Произведение Слово о полку Игореве


Несомненно, наиболее основательную попытку установить авторство «Слова» предпринял академик Б. А. Рыбаков. Проанализировав в своей двухтомной работе колоссальный летописный материал, он высказал догадку, что этим автором мог быть Петр Бориславич, киевский боярин и - предположительно - летописец великого князя киевского Изяслава Мстиславича и его сына Мстислава Изяславича. Правда, Б. А. Рыбаков же высказывал и другое мнение: «Автор «Слова» принадлежал к дружинному рыцарскому слою. Тонкое знание дорогого европейского и восточного доспеха говорит о нем как о воине высшего разряда».

В своем многоценном труде академик тщательно разобрал и отверг все гипотезы, кроме одной - в пользу Петра Бориславича, однако и этот свой вывод также подверг сомнению: «Был ли этот летописец автором «Слова о полку Игореве» или только современным ему двойником, во всем подобным ему, решить нельзя. Да и сам облик этого летописца, составленный из разнородных источников, может вызвать много сомнений и возражений. Не свободен от сомнений и автор книги, рассчитывающий на товарищескую критику и указания наименее надежных звеньев в цепи его построений» (Б. А. Рыбаков. Русские летописцы и автор «Слова о полку Игореве». М., 1972. С. 6).

Не знаю, какая была за последующие годы конкретная товарищеская критика этой гипотезы. Возможно, кто-то привел данные о бесспорных чернигово-северских лексических истоках «Слова» или обратился к Патриаршей летописи, где со многими подробностями рассказано, как в марте 1169 года Андрей Боголюбский, «соединися со многими князи в един совет и в единомыслие, направил на великого князя Мстислава Изяславича огромное войско во главе со своим сыном Мстиславом Андреевичем, и пятнадцатью другими князьями, «Половецкие князья с Половцы, и Угры, и Чяхи, и Ляхи, и Литва... Пришедшим же им и ставшим около града Киева, и снимахуся полки, и биахуся крепко зело. Окаяннии же бояре Киевстии Петр Бориславичь и Нестор Жирославичь, Яков Дигеньевич начаша коромолити и тайно съсылатися со князем Мстиславом Андреевичем и с иными князи, како придати им град Киев». И вот «окаянный» Петр Бориславич и два других киевских боярина «и с сим мнози змии человеци и демонстии советници» тайно связались с врагами, «глаголюще сице»: «да приступаете крепко вей с крепких стен града; указующе им крепостное место града, таже по их и некрепкое место града, сказаше им: «да егда, рече, все приступаете к крепким местам града, сице и наши все гражане у крепких мест града станут на бой противу вас, некрепкий же места града нашего не брегоми будут, и тако, укрепивше их, без труда возьмете град». Предательский замысел удался! Когда киевляне бросились защищать «крепкие» места, враги «внезапно насунушася вей на некрепко место града, и взяша град Киев месяца марта в 8 день»... «и церкви, и монастыри разграбиша, и иконы, и сосуды, и книги, и ризы поимаша» (ПСРЛ. Т. 9. 1862. С. 273). Боярин Петр Бориславич, предавший своего князя и обрекший родной город, древнюю столицу Руси, на разграбление, - автор «Слова о полку Игореве»?! Невероятно.

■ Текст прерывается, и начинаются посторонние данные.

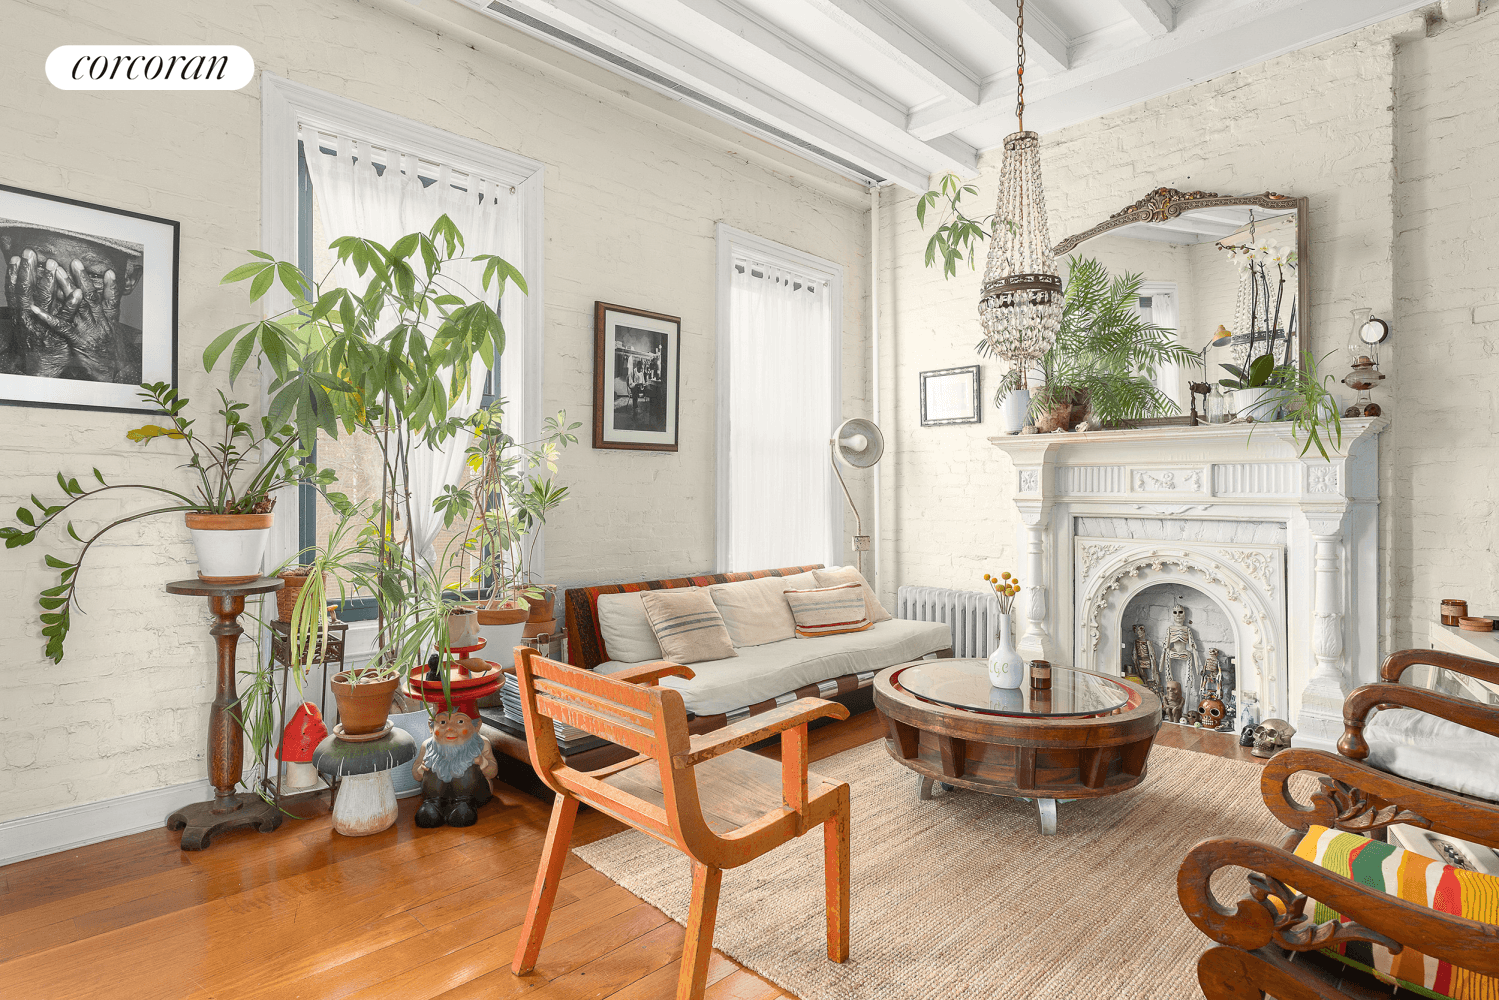 Available short term, this fully furnished and beautifully designed duplex apartment spans the upper floors of a landmarked, Greenpoint townhome.

В интервью корреспонденту «Правды», напечатанном 31 декабря 1981 года, Б. А. Рыбаков сказал, что «Слово о полку Игореве» написал «великий неизвестный автор». Должен добавить, что гипотеза Б. А. Рыбакова об авторе «Слова» существенно не умаляет значения его двухтомного труда - в нем систематизирован и обобщен огромный летописный материал по истории средневековой Руси, досконально, с позиций историка, проанализировано «Слово о полку Игореве», и к этому труду всегда будут обращаться специалисты и любители.

Однако нельзя ли, исходя из содержания поэмы, для начала определить хотя бы социальное положение, род занятий, профессию автора? То, что это сделать нелегко в отношении художественного произведения, отдаленного от нас дистанцией в восемь веков, хорошо иллюстрирует пример со «Словом» Даниила Заточника («Молением» во второй редакции). Немало ученых за последние сто лет, анализируя текст этого оригинальнейшего творения русского ума, ломало головы, чтобы выяснить сословную принадлежность еще одного великого анонима - Даниила Заточника. Для Ф. Буслаева. В. Келтуялы, И. Будовница он несомненный «дворянин», Н. Гудзий считал его «боярским холопом», П. Миндалев - применительно к автору «Слова» - «дружинником и дворянином», а применительно к автору «Моления» - «рабом князя, домочадцем», Е. Модестов увидел в нем «члена младшей княжеской дружины», для Д. Лихачева он «княжеский милостник», для М. Рабиновича «сын рабыни», для М. Тихомирова «ремесленник-серебряник».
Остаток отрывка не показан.